Don Reinertsen gave a great keynote address at YOW 2012 entitled The Practical Science of Batch Size. I recommend watching the video when it’s posted, probably in January. In the mean time, I want to relate one small illustration from the talk. It’s a parable of why agile methods can save money.
Someone generates a two-digit number at random. You can pay $2 for a chance to guess the number, and if you are correct, you win $200. It’s a fair bet: both sides have net expected return zero.
Now let’s change the rules. Same reward, but now you pay $1 to guess the first digit and you find out whether you were right. If you were, you then have the option of spending another $1 to guess the second digit. Now you have a winning bet.
Your chances of winning are the same as before: there’s a 1% chance that you’ll win $200. But the cost of playing the game has gone down. There’s a 90% chance that you’ll spend $1 and a 10% chance you’ll spend $2. So your expected return is $2, but your expected cost is $1.10, so on average you make $0.90 every time you play the game.
Don argues that we often come out ahead by doing things in smaller batches: committing less money at a time, taking on smaller projects at a time, etc.
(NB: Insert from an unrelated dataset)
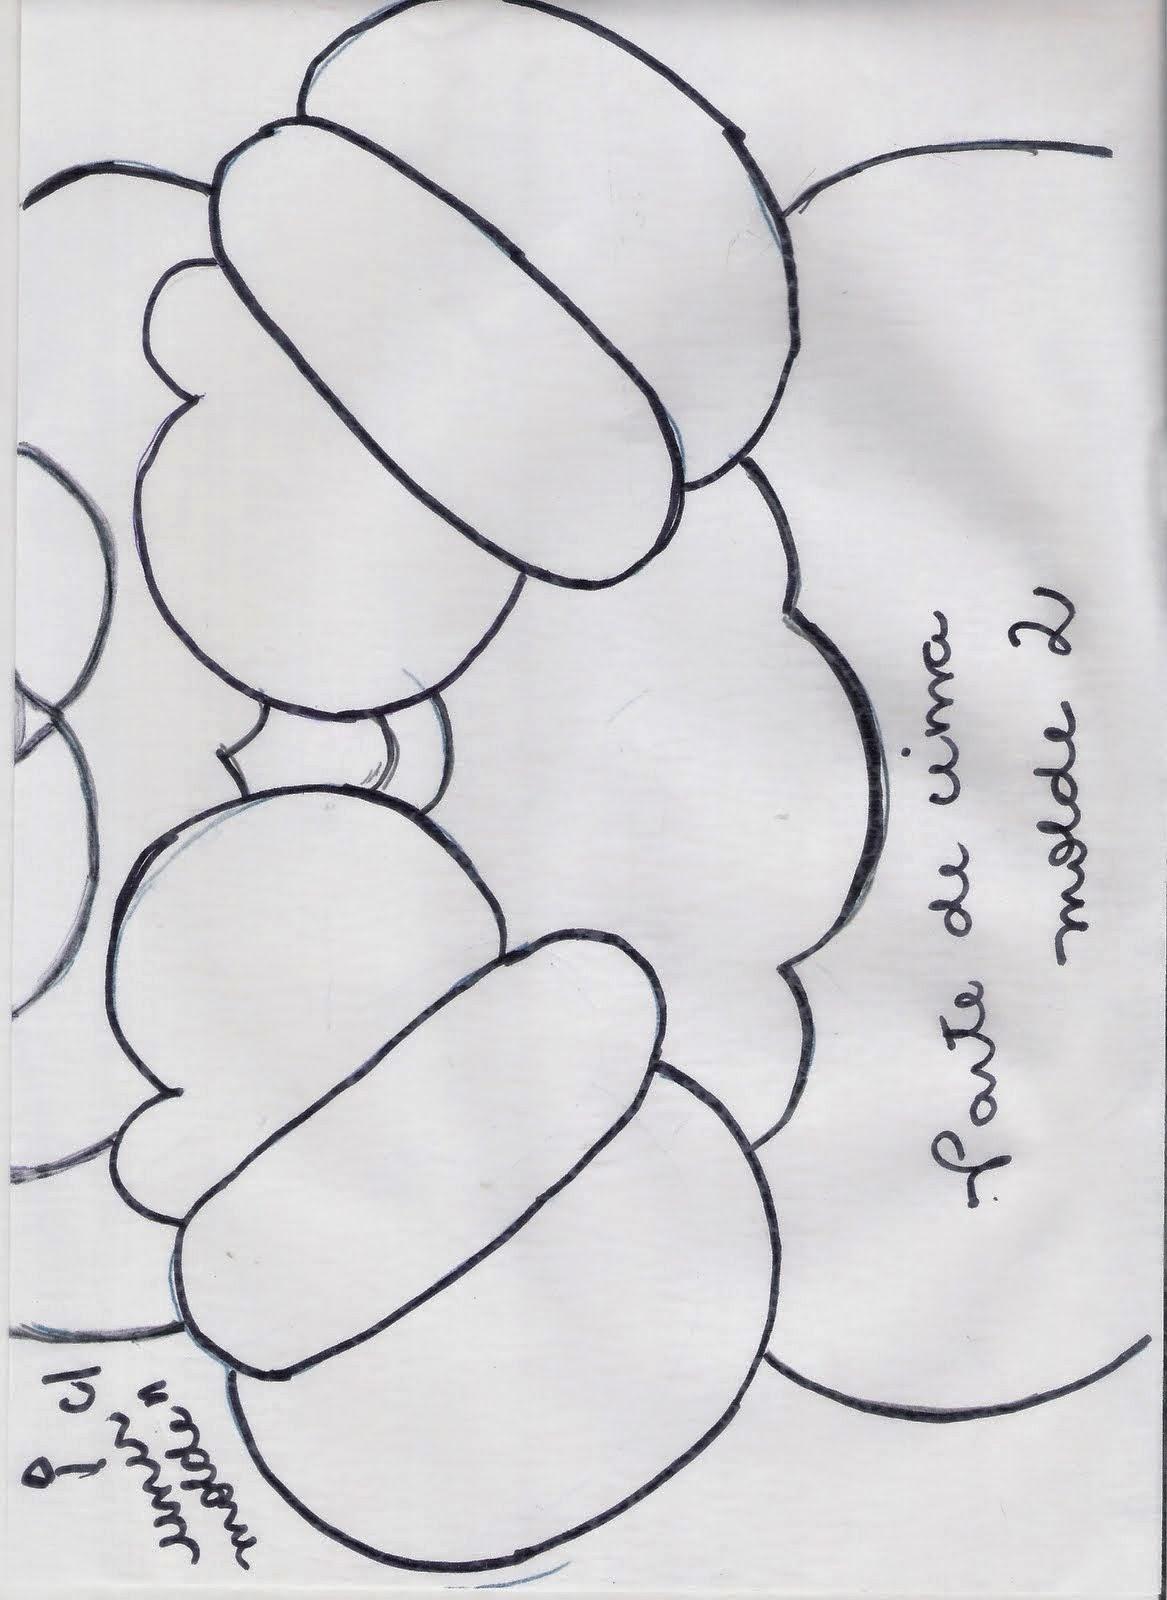 Moldes capa de natal para vaso sanitário

Not that smaller batches are always better. As batch sizes decrease, holding costs decrease but transaction costs increase. You want to minimize the sum of holding costs and transaction costs. But we more often err on the side of making batches too large.
In the example above, the batch size is how much of the number we want to guess at one time: both digits or just one. By guessing the digits one at a time, we reduce our holding cost. And in this example, there are no transaction costs: you can guess half the digits for half the cost. But if there were some additional cost to playing the game — say you had to pay a tax to make a guess, the same tax whether you guess one or two digits — then it may or may not be optimal to guess the digits one at a time, depending on the size of the tax.
Books by Don Reinertsen:
5 thoughts on “Small batch sizes”
You have to compute the cost of deciding to go on or not. In this case it’s trivial, but in other cases maybe not.
True. But another point Don made is that the trade-off curve often has a moderately flat bottom. This means that you get about the same cost even if you’re not very close to the optimum. His advice was to start by simply cutting your batch size and see what happens, rather than trying to calculate the optimum.
This reminds me of “Little Bets”, a book by peter Sims. It also reminds me of the value of working in areas where other people are not; for a given amount of time exploring, you have a higher likelihood of discovering something new. That seems to be the path of many Nobel and MacArthur Fellow winners. And similarly, entering small or low-profile competitions increases your chances of winning something.
Re Cost cutting @Manoel: I agree with John at worst the smaller batch size doesn’t let you know that the project should die until it is done but best case scenario it takes one small chunk to realize it doesn’t make sense rather than one multi month/year big chunk.
Kind of a good/bad thing: at my work my boss is part time so I only meet with him every 2 weeks or so on a project that takes ~50% of my time. What ends up happening often is the size of the chunks of work I get aren’t sufficient to keep me busy (find a smarter way of doing something than initially thought, end up agreeing on a simpler solution etc).
This gives me time to research different things and tackle problems elsewhere at my work. Does my manager do this by design to allow other tasks to get some throughput, lack of proper management, etc? Who knows? But it is the nature of R & D type things that you don’t really get a large product backlog in my experience especially in the more operations research side of things I tend to work on.
So tying it all up: smaller chunks that fail quickly could decouple you to look at other opportunities while the coordination happens to get the next stakeholder meeting arranged rather than tie you up to 100% utilization churning on something that is so large it takes you the best part of a cycle to find out it isn’t going to work. In agile land might be a argument for lots of small stories in a sprint rather than “monolithic” one story per dev per sprint kind of planning.
Great post. Gotta think about it some more, but can say it’s behind a lot of counterintuitive things in management. Eliyahu Goldratt’s ‘The Goal’ gives many examples, without ever really stating the underlying reason so clearly.